Compiling and running programs from external directories

Programs can also be edited, compiled and run from any directory with the above basic structure. So for a source file in ./Programs/Source/, all SPDZ scripts must be run from ./. The setup-online.sh script must also be run from ./ to create the relevant data. For example:

spdz$ cd ../
$ mkdir myprogs
$ cd myprogs
$ mkdir -p Programs/Source
$ vi Programs/Source/test.mpc
$ ../spdz/compile.py test.mpc
$ ls Programs/
Bytecode  Public-Input  Schedules  Source
$ ../spdz/Scripts/setup-online.sh
$ ls
Player-Data Programs
$ ../spdz/Scripts/run-online.sh test

SPDZ-2 offline phase

This implementation is suitable to generate the preprocessed data used in the online phase.

For quick run on one machine, you can call the following:

./spdz2-offline.x -p 0 & ./spdz2-offline.x -p 1

More generally, run the following on every machine:

./spdz2-offline.x -p <number of party> -N <total number of parties> -h <hostname of party 0> -c <covert security parameter>

The number of parties are counted from 0. As seen in the quick example, you can omit the total number of parties if it is 2 and the hostname if all parties run on the same machine. Invoke ./spdz2-offline.x for more explanation on the options.

./spdz2-offline.x provides covert security according to some parameter c (at least 2). A malicious adversary will get caught with probability 1-1/c. There is a linear correlation between c and the running time, that is, running with 2c takes twice as long as running with c. The default for c is 10.

The program will generate every kind of randomness required by the online phase until you stop it. You can shut it down gracefully pressing Ctrl-c (or sending the interrupt signal SIGINT), but only after an initial phase, the end of which is marked by the output Starting to produce gf2n. Note that the initial phase has been reported to take up to an hour. Furthermore, 3 GB of RAM are required per party.

Benchmarking the MASCOT offline phase

The MASCOT implementation is not suitable to generate the preprocessed data for the online phase because it can only generate either multiplication triples or bits.
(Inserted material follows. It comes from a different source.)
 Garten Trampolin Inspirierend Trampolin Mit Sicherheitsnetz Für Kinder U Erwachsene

Nevertheless, an online computation only using data of one kind can run from the output of MASCOT offline phase if Player-Online.x is run with the options -lg2 128 -lgp 128.
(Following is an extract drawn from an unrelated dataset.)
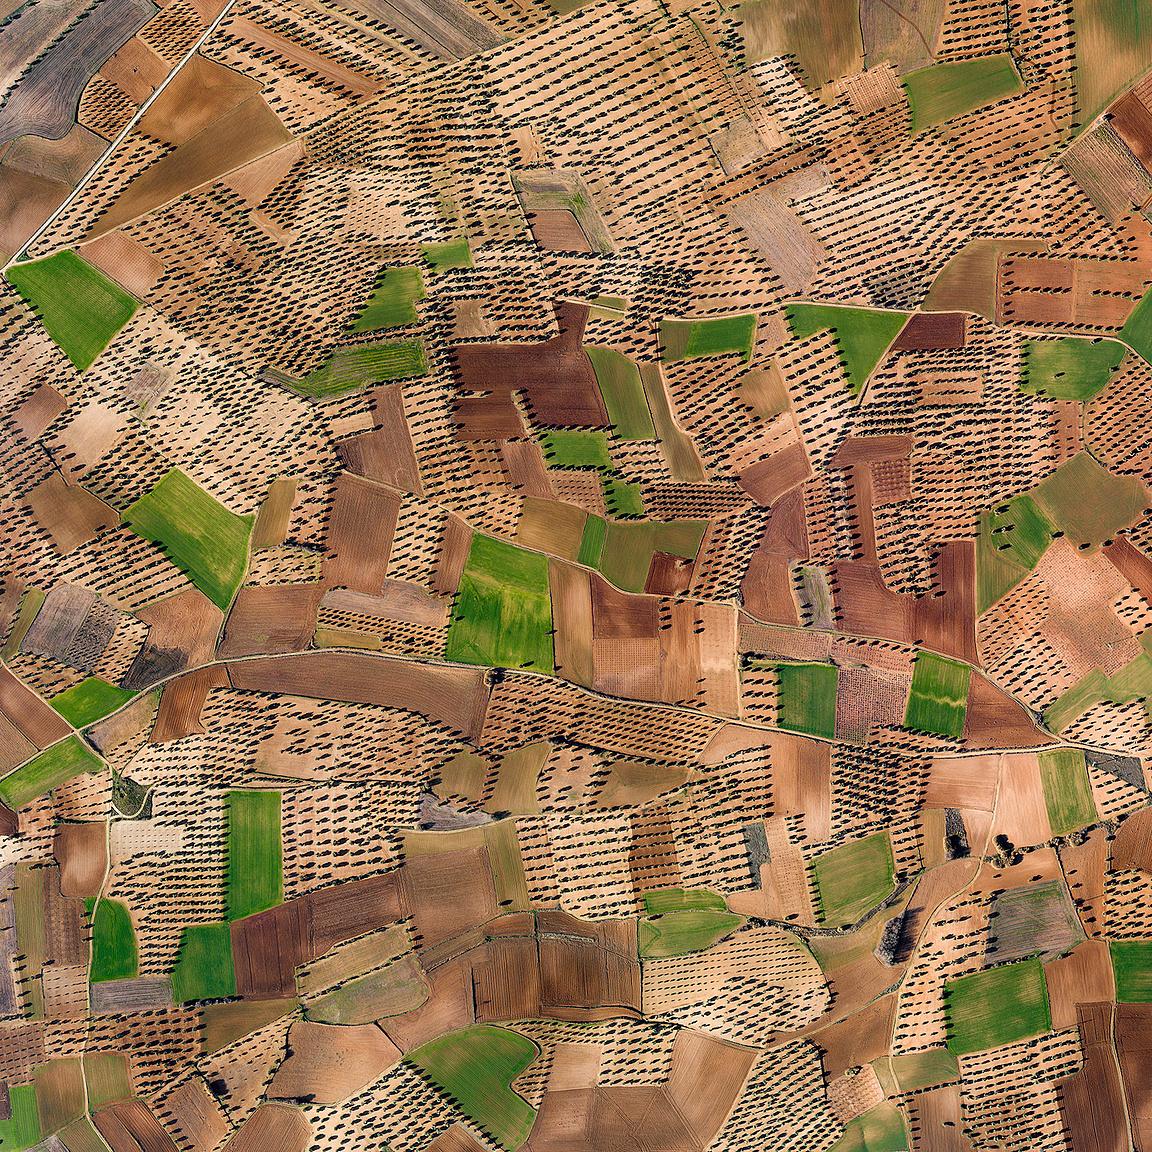 Valdecarabanos-232558.jpg

In order to compile the MASCOT code, the following must be set in CONFIG or CONFIG.mine:

USE_GF2N_LONG = 1

It also requires SimpleOT:

git submodule update --init SimpleOT
cd SimpleOT
make

If SPDZ has been built before, any compiled code needs to be removed:

make clean

HOSTS must contain the hostnames or IPs of the players, see HOSTS.example for an example.
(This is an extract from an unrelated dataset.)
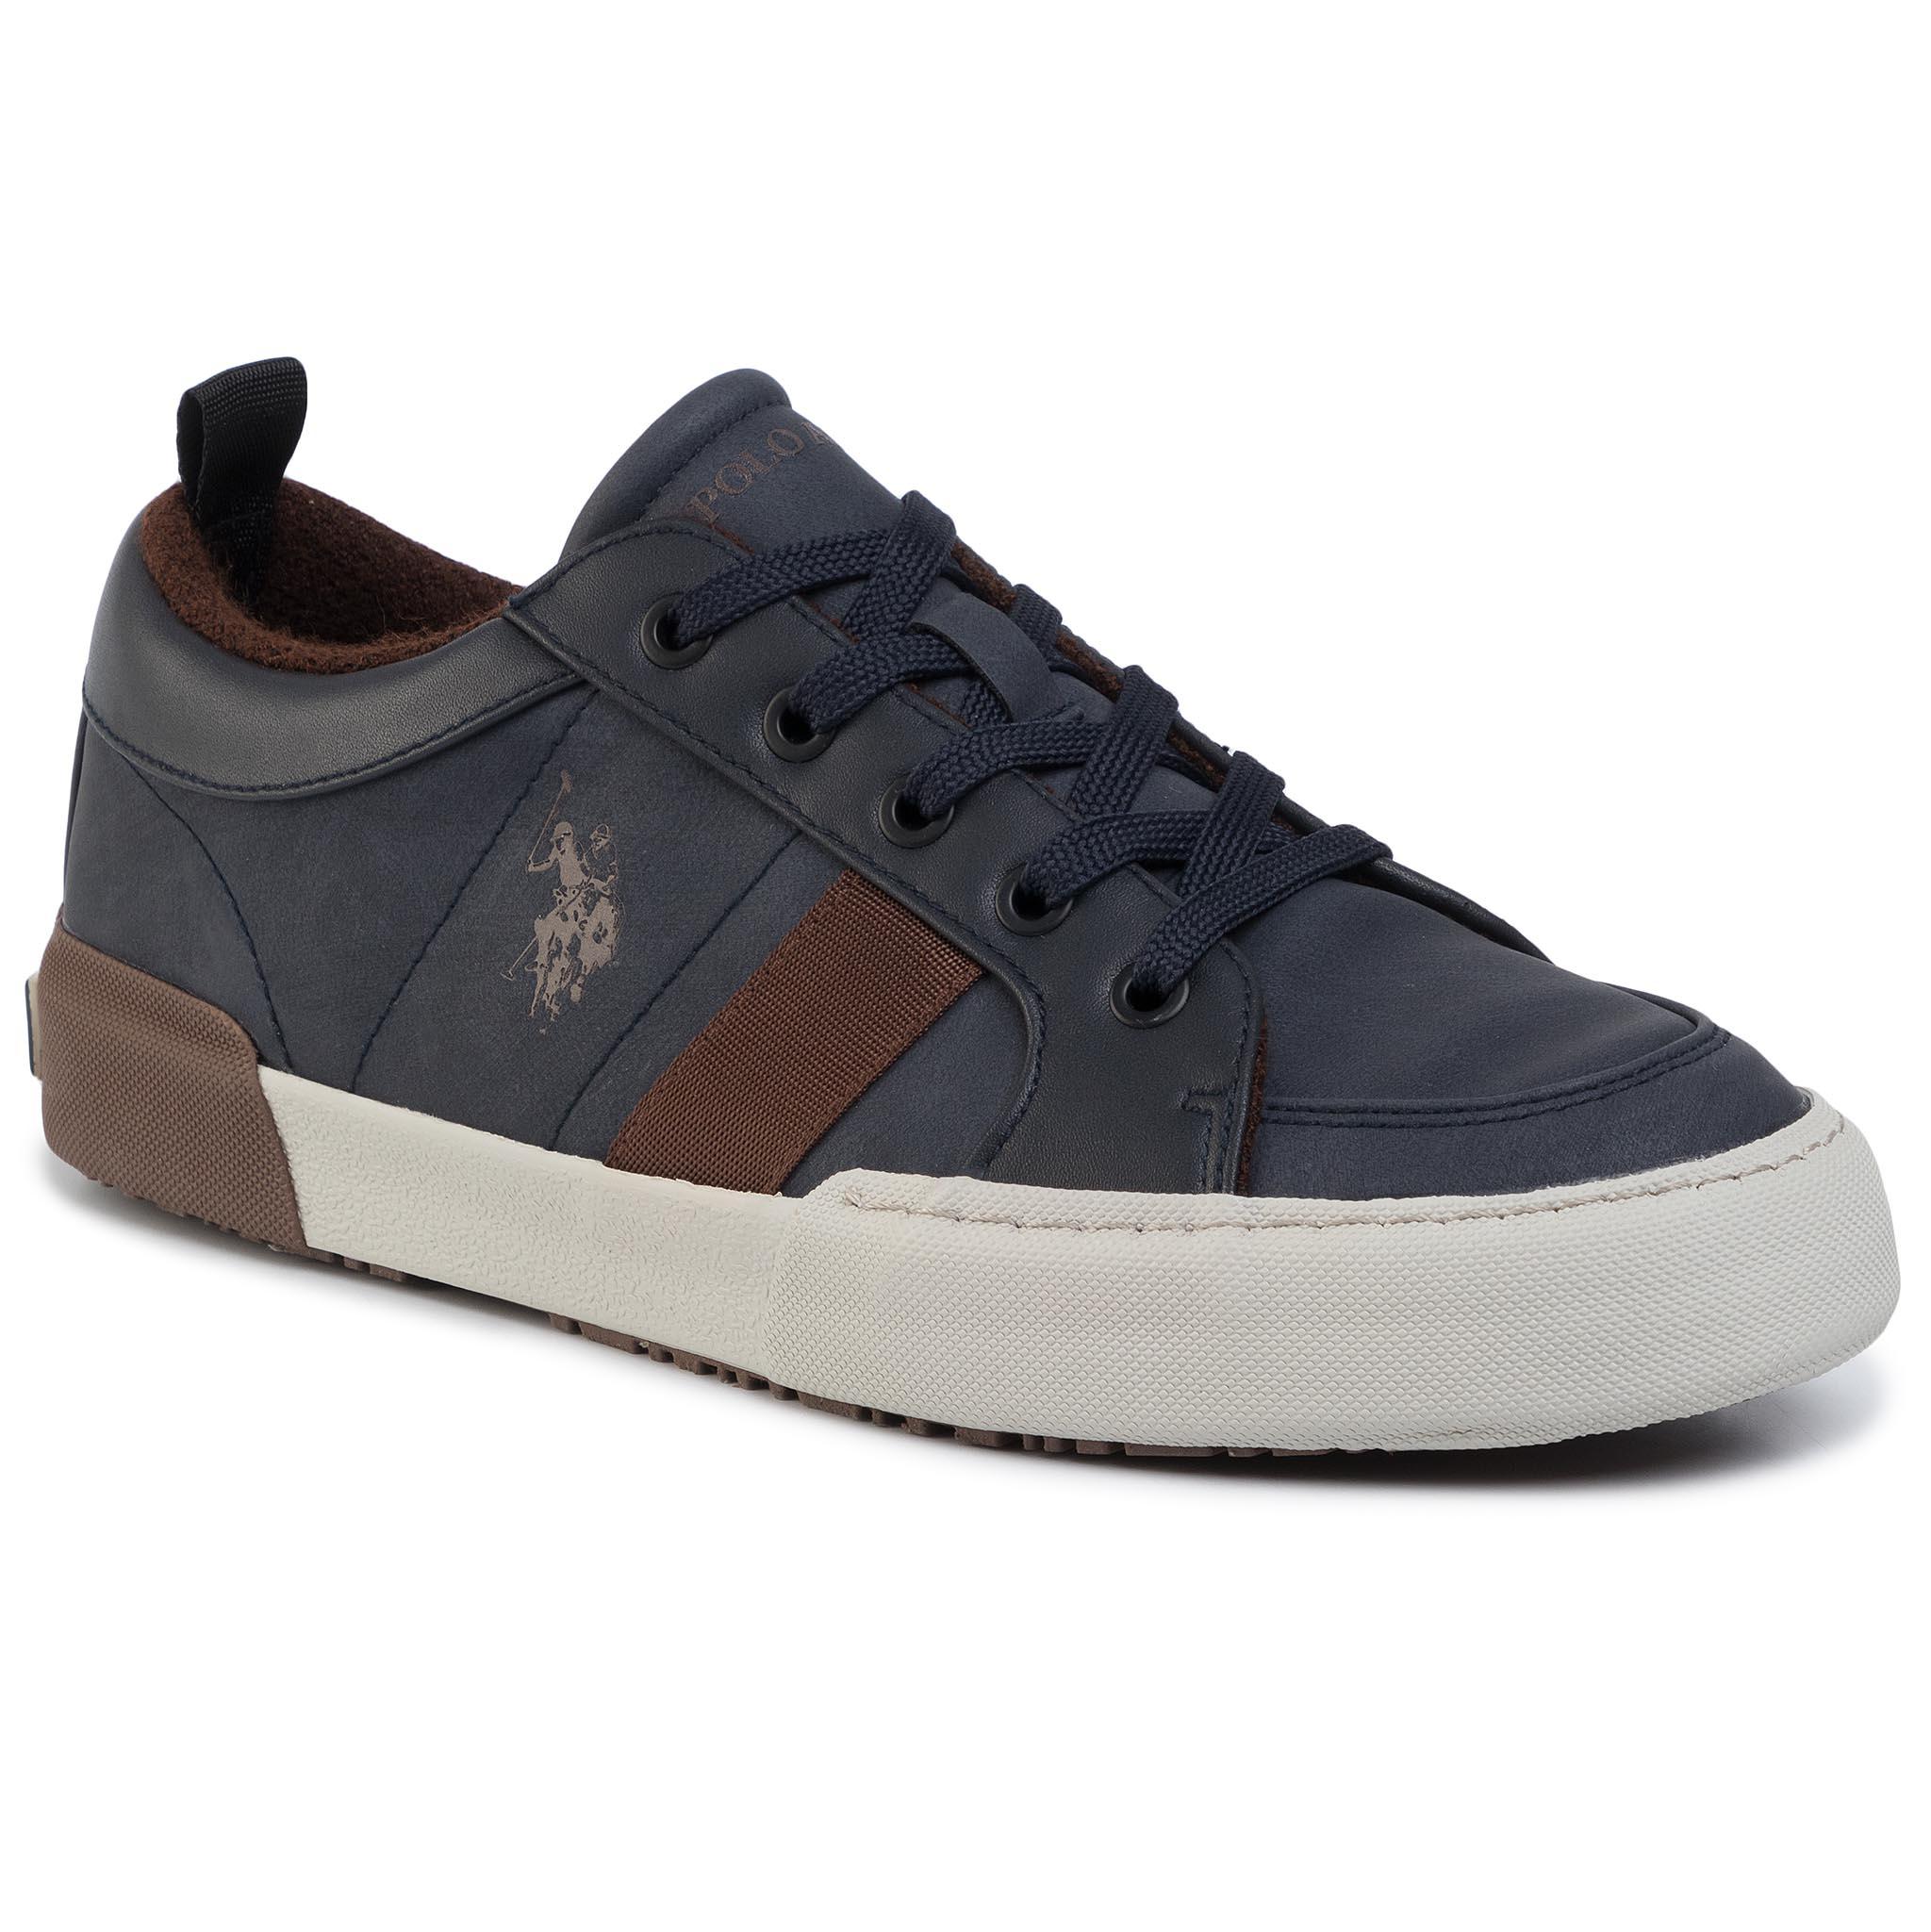 Sportcipő U.S. POLO ASSN. - Roydon ARMAN7100W9/CY1 Navy - Sneakers - Félcipő - Férfi

Then, MASCOT can be run as follows:

host1:$ ./ot-offline.x -p 0 -c

host2:$ ./ot-offline.x -p 1 -c

Benchmarking Overdrive offline phases

We have implemented several protocols to measure the maximal throughput for the Overdrive paper. As for MASCOT, these implementations are not suited to generate data for the online phase because they only generate one type at a time.

Binary Protocol
simple-offline.x SPDZ-1 and High Gear (with command-line argument -g)
pairwise-offline.x Low Gear
cnc-offline.x SPDZ-2 with malicious security (covert security with command-line argument -c)

These programs can be run similarly to spdz2-offline.x, for example:

host1:$ ./simple-offline.x -p 0 -h host1

host2:$ ./simple-offline.x -p 1 -h host1

Running any program without arguments describes all command-line arguments.

Memory usage

Lattice-based ciphertexts are relatively large (in the order of megabytes), and the zero-knowledge proofs we use require storing some hundred of them. You must therefore expect to use at least some hundred megabytes of memory per thread. The memory usage is linear in MAX_MOD_SZ (determining the maximum integer size for computations in steps of 64 bits), so you can try to reduce it (see the compilation section for how set it). For some choices of parameters, 4 is enough while others require up to 8. The programs above indicate the minimum MAX_MOD_SZ required, and they fail during the parameter generation if it is too low.